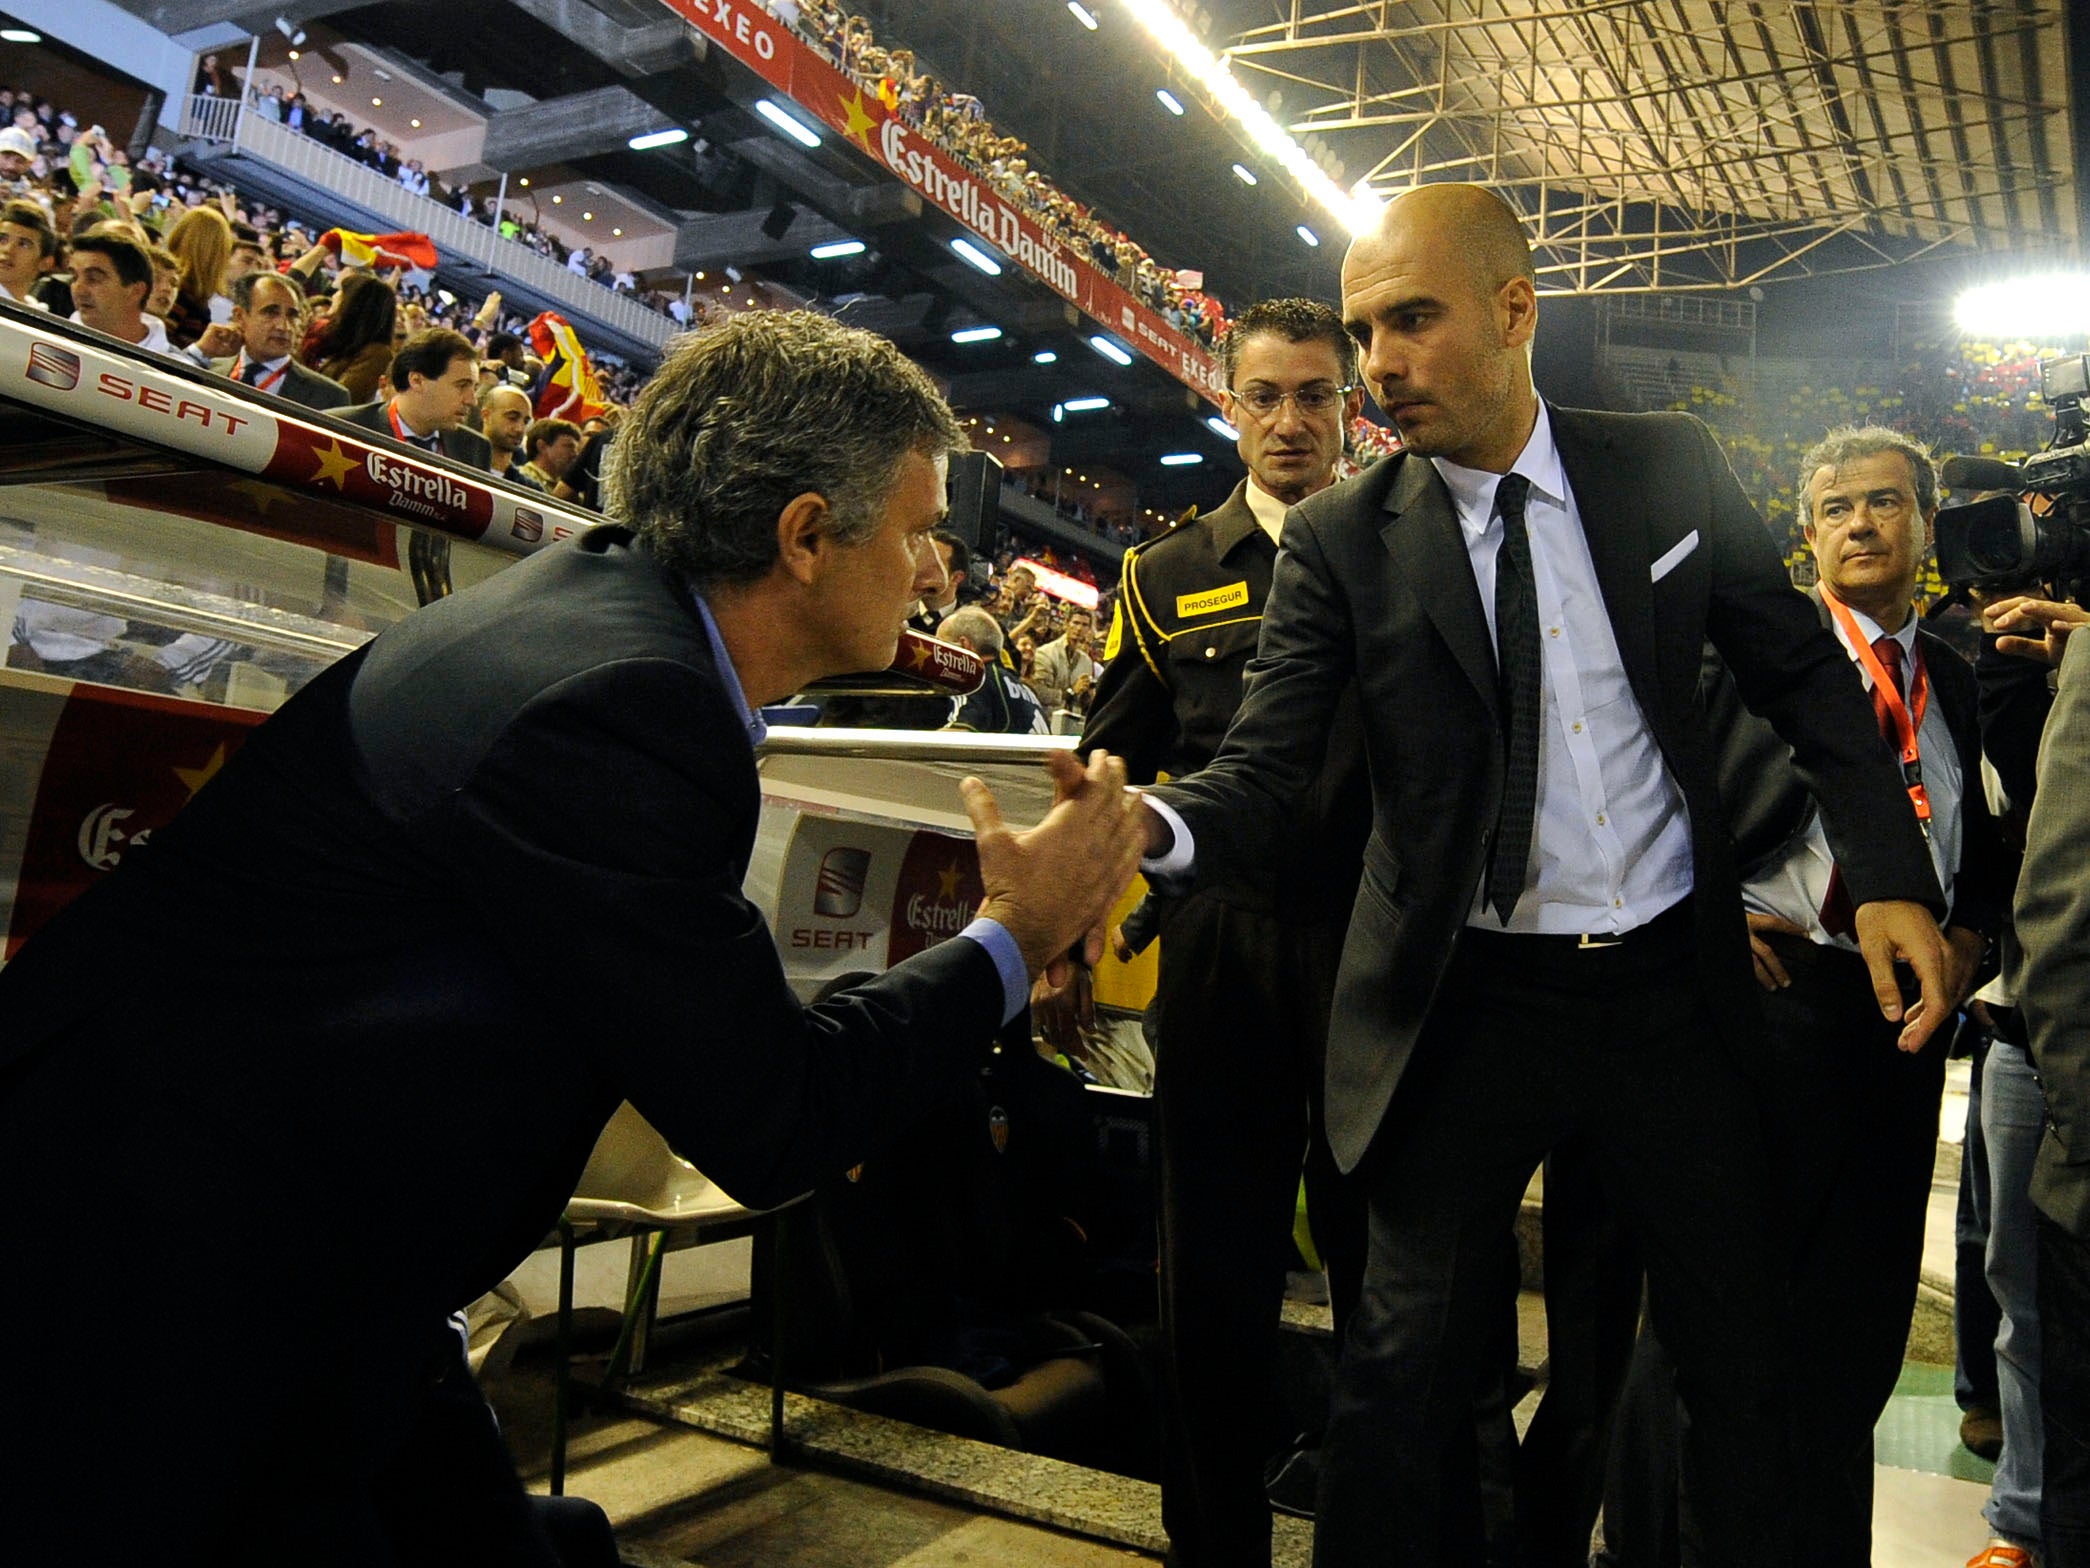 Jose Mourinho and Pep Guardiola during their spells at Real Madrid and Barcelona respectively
________
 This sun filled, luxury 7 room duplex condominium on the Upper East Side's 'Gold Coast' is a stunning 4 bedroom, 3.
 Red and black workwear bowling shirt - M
________
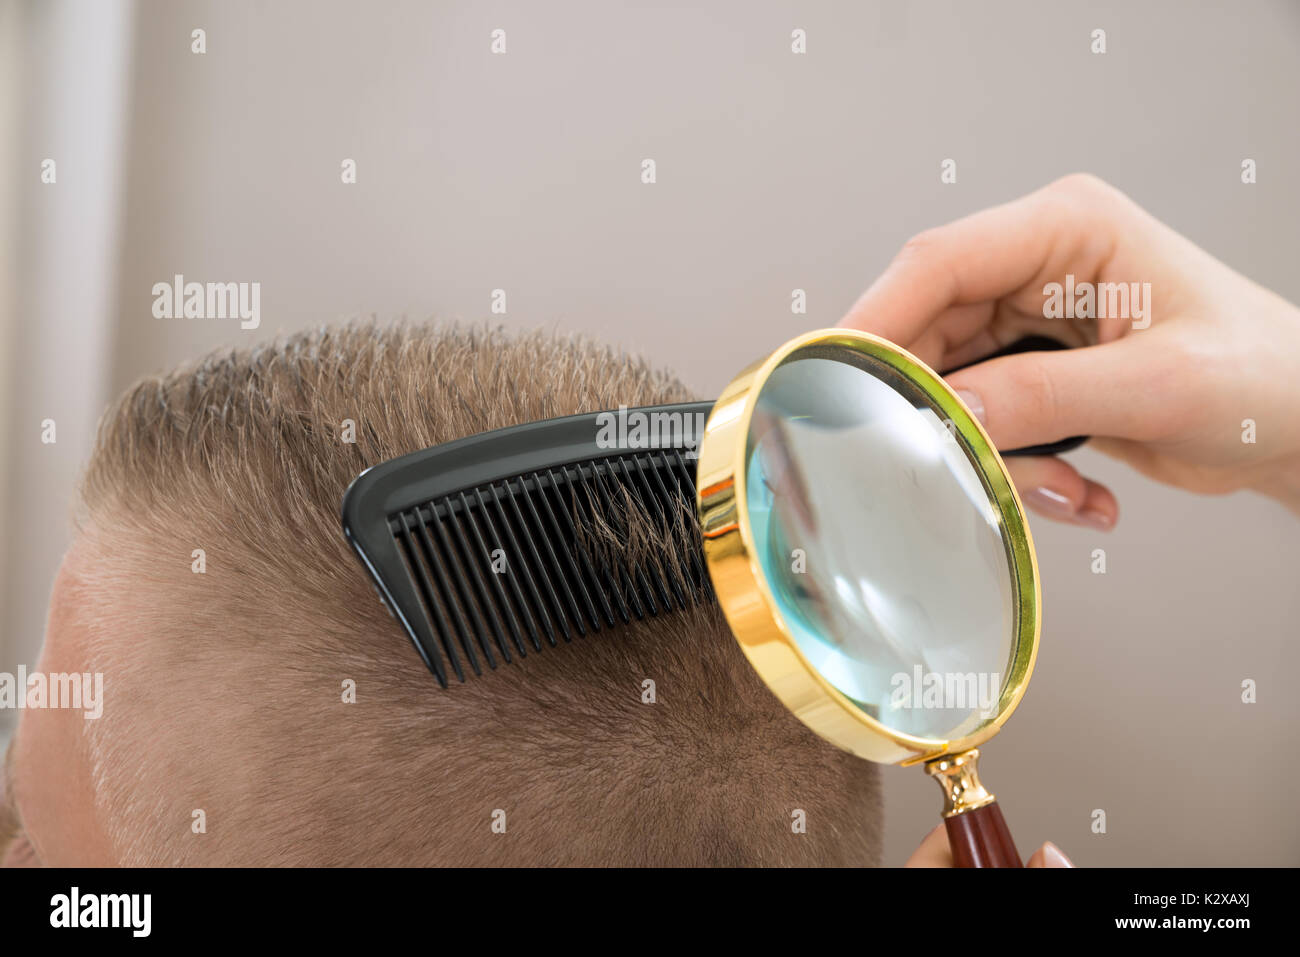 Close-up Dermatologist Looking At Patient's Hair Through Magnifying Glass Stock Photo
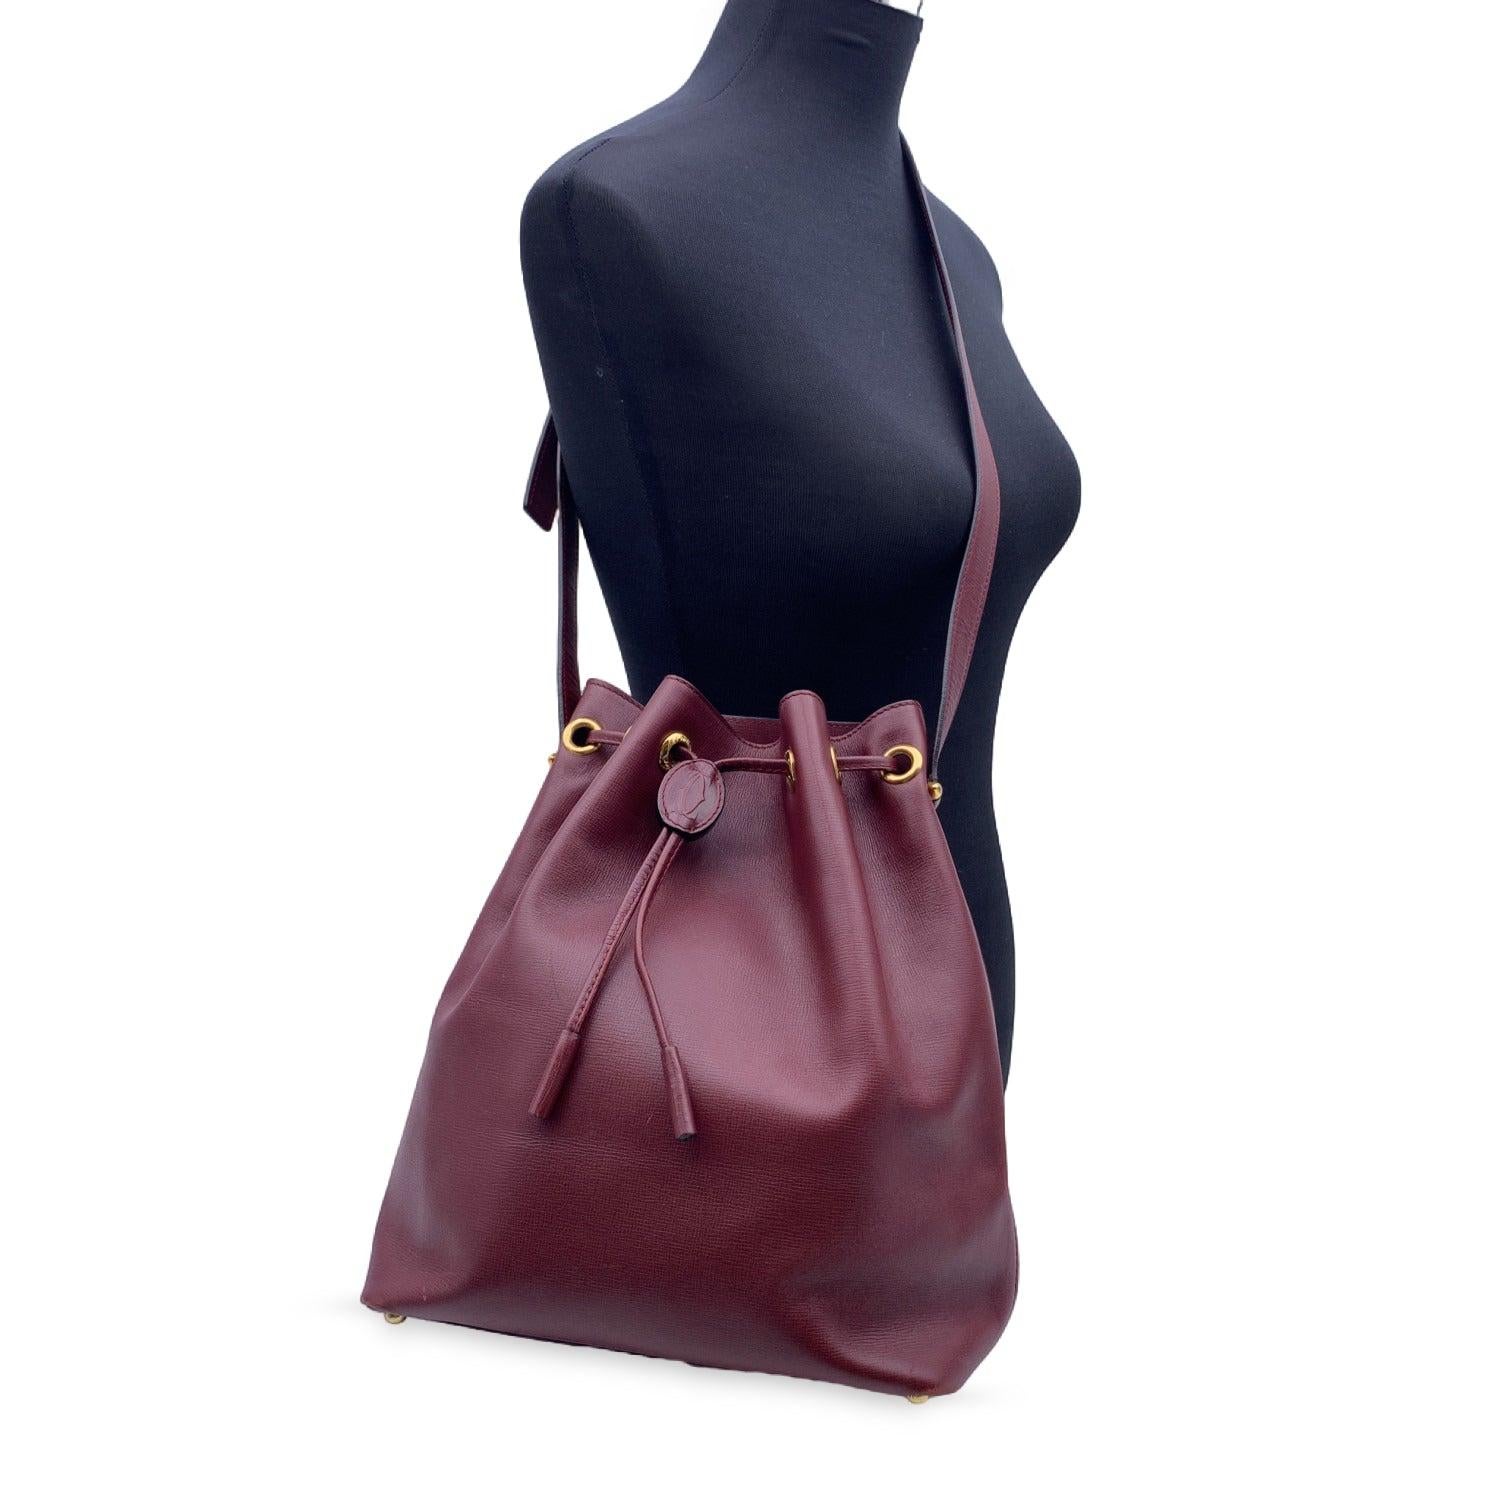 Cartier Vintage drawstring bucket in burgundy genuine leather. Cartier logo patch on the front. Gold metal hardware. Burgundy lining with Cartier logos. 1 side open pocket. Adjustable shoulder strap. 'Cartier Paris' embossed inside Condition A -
________
## TASK ITEM
Starting at the line containing "Close-up Dermatologist Looking" and stopping at the line containing "Cartier Vintage drawstring", output every line above exactly, both ends included, with pictures omitted.

## REPLY
 Close-up Dermatologist Looking At Patient's Hair Through Magnifying Glass Stock Photo
 Cartier Vintage drawstring bucket in burgundy genuine leather. Cartier logo patch on the front. Gold metal hardware. Burgundy lining with Cartier logos. 1 side open pocket. Adjustable shoulder strap. 'Cartier Paris' embossed inside Condition A -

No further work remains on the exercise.